EFFECTS OF MEDIA-CREATED VISUAL IMAGES ON RESPONSES TO ACTUAL PEOPLE AND EVENTS
To reiterate, Shrum et al.’s (this volume) research clearly demonstrates that exposing television viewers to fictional events can influence their perceptions that similar events actually occur in the real world. To this extent, it can influence their beliefs and attitudes about the persons and objects to which the events are relevant. This influence could occur for two reasons. First, people might come to regard situations that occur frequently on television as normative. This could have both desirable and undesirable consequences.
On one hand, exposure to women and African Americans as heads of state, lawyers, or scientists could increase people’s perceptions that their occupancy of these roles is commonplace and, therefore, could also increase their acceptance of individuals holding these positions in the real world. On the other hand, individuals might use the situations and events that occur frequently on television as standards of comparison in evaluating their own life circumstances and may be motivated to engage in behavior that attains these standards.

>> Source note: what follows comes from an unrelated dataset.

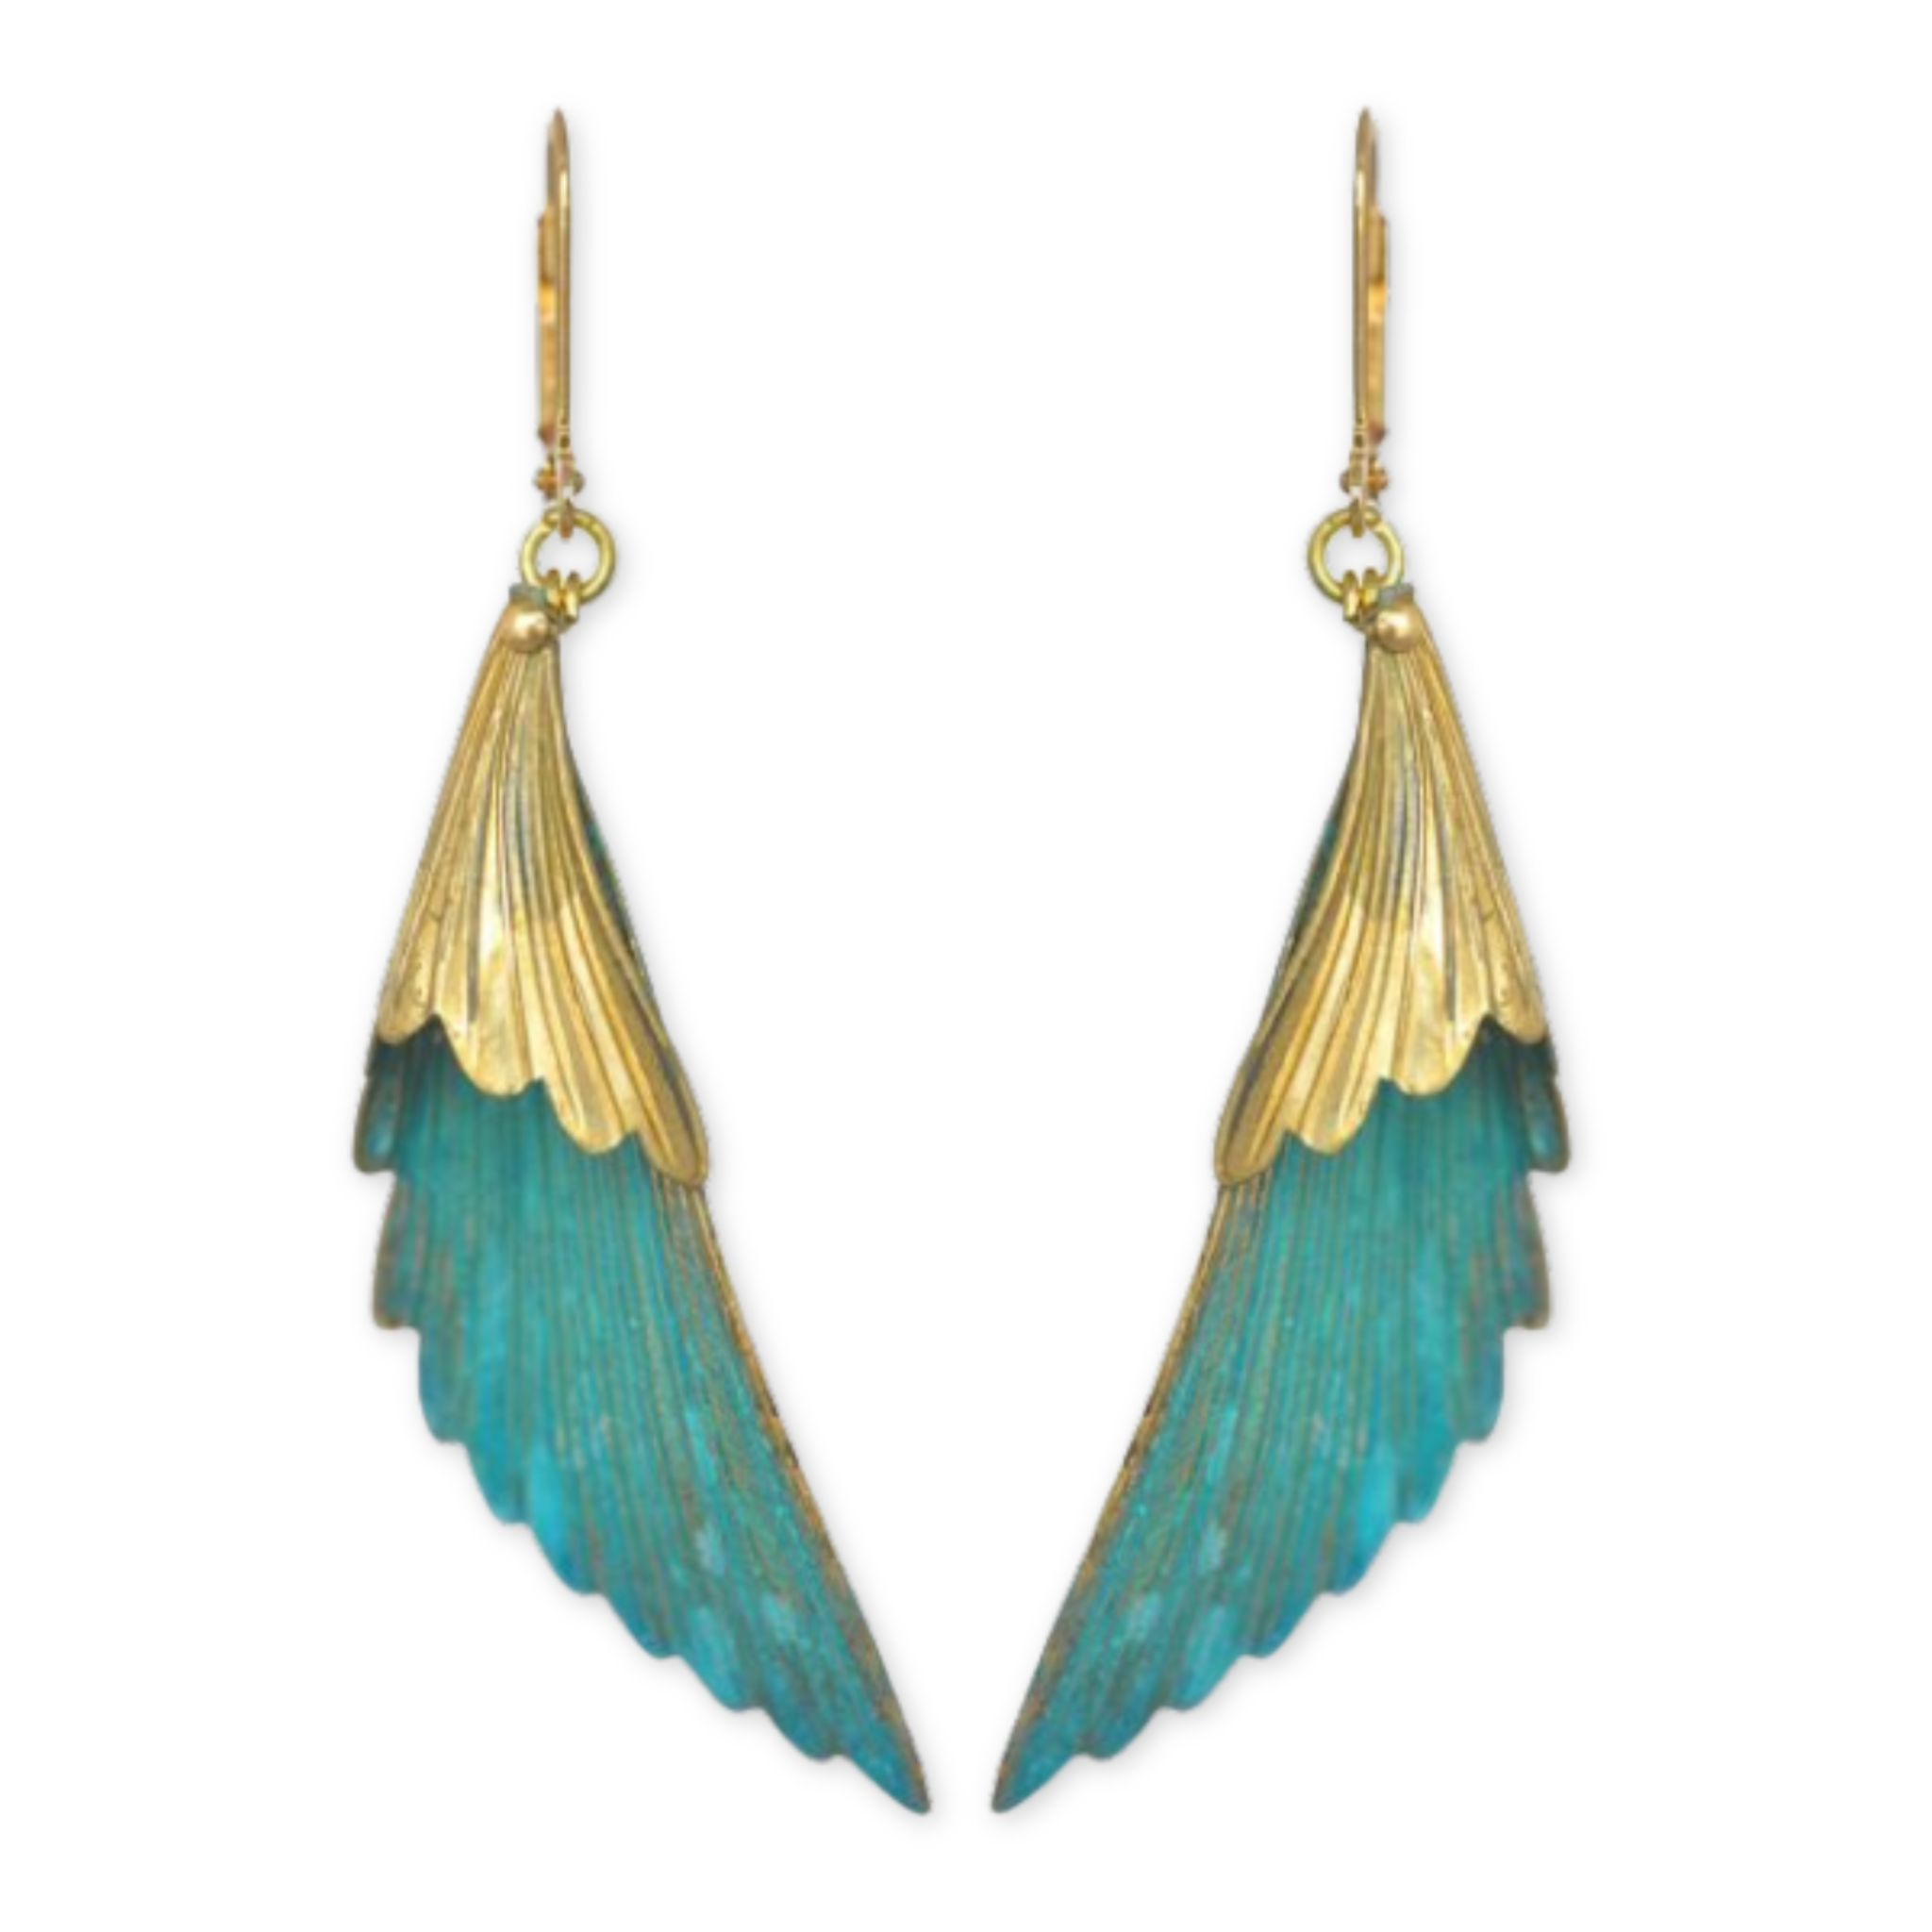 gold and patina earrings in the shape of gentle wings
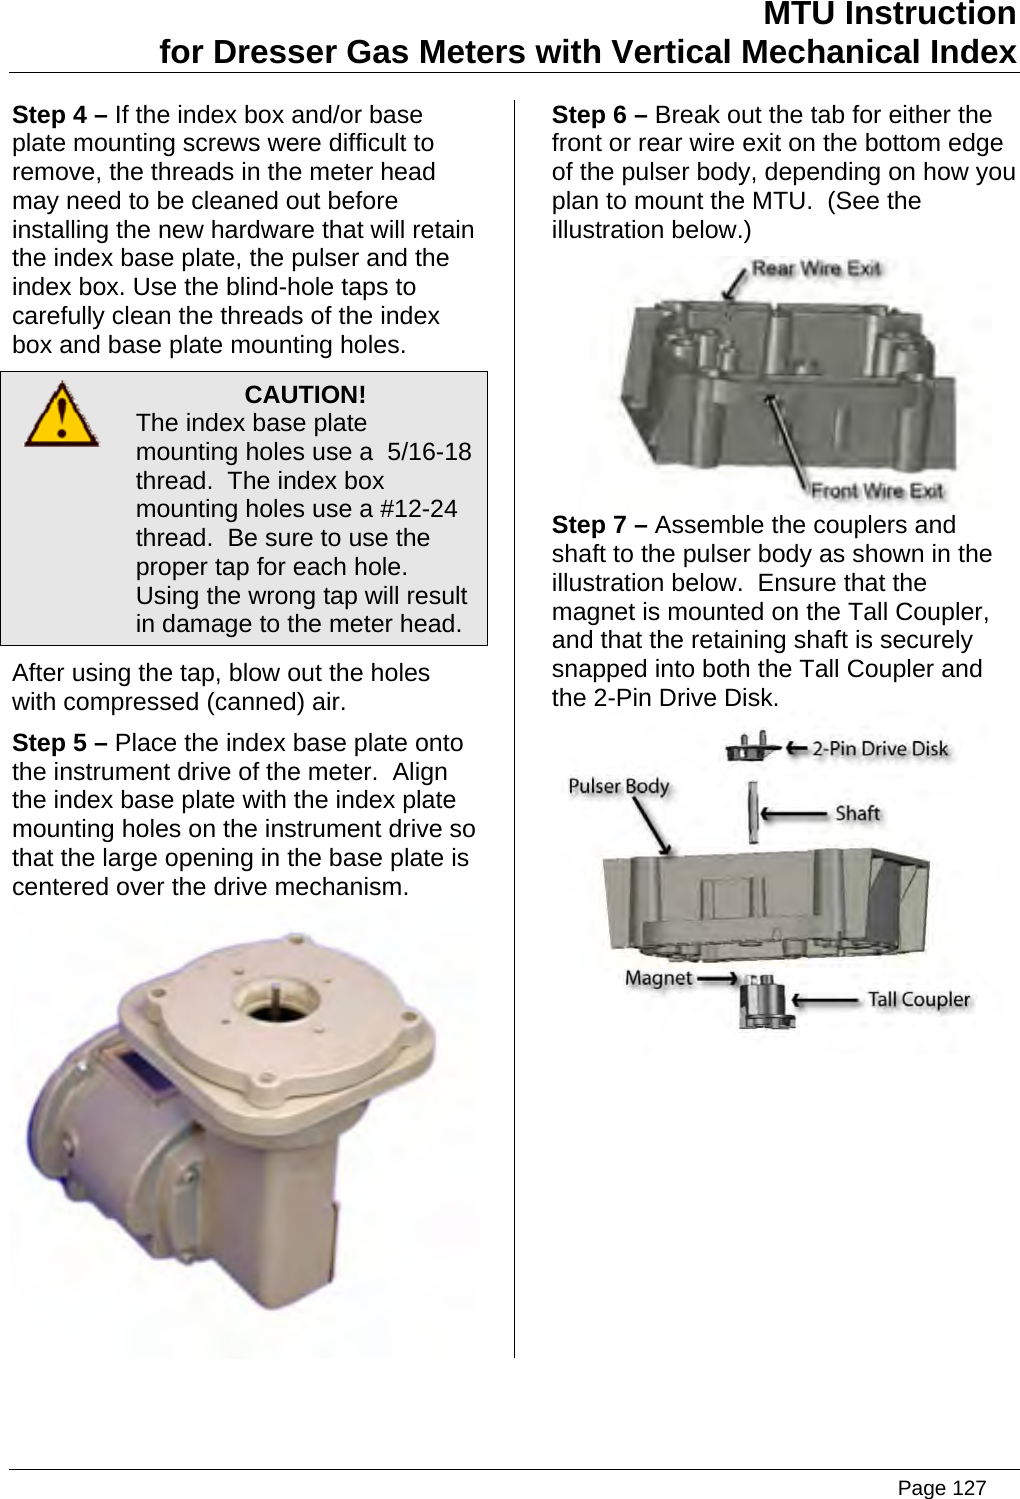 MTU Instruction for Dresser Gas Meters with Vertical Mechanical Index Step 4 – If the index box and/or base plate mounting screws were difficult to remove, the threads in the meter head may need to be cleaned out before installing the new hardware that will retain the index base plate, the pulser and the index box. Use the blind-hole taps to carefully clean the threads of the index box and base plate mounting holes.  CAUTION! The index base plate mounting holes use a  5/16-18 thread.  The index box mounting holes use a #12-24 thread.  Be sure to use the proper tap for each hole.  Using the wrong tap will result in damage to the meter head. After using the tap, blow out the holes with compressed (canned) air. Step 5 – Place the index base plate onto the instrument drive of the meter.  Align the index base plate with the index plate mounting holes on the instrument drive so that the large opening in the base plate is centered over the drive mechanism.  Step 6 – Break out the tab for either the front or rear wire exit on the bottom edge of the pulser body, depending on how you plan to mount the MTU.  (See the illustration below.)  Step 7 – Assemble the couplers and shaft to the pulser body as shown in the illustration below.  Ensure that the magnet is mounted on the Tall Coupler, and that the retaining shaft is securely snapped into both the Tall Coupler and the 2-Pin Drive Disk.    Page 127

Thus, if heavy television viewers overestimate the proportion of people with possessions that exemplify an affluent lifestyle (O’Guinn & Shrum, 1997), they may be more inclined than other individuals to evaluate their own life circumstances unfavorably in relation to this implicit standard of affluence and may try to acquire these possessions or engage in other activities that require them to live beyond their means. These influences of television could underlie the acquisition of materialistic values at a very early age.
Conclusion
Other considerations arise when the situations that occur on television are undesirable. For example, exposure to violence and aggression on television could increase people’s perceptions that this behavior is common and, perhaps, inevitable. If this is so, it could decrease their concern about the violence they encounter in the real world.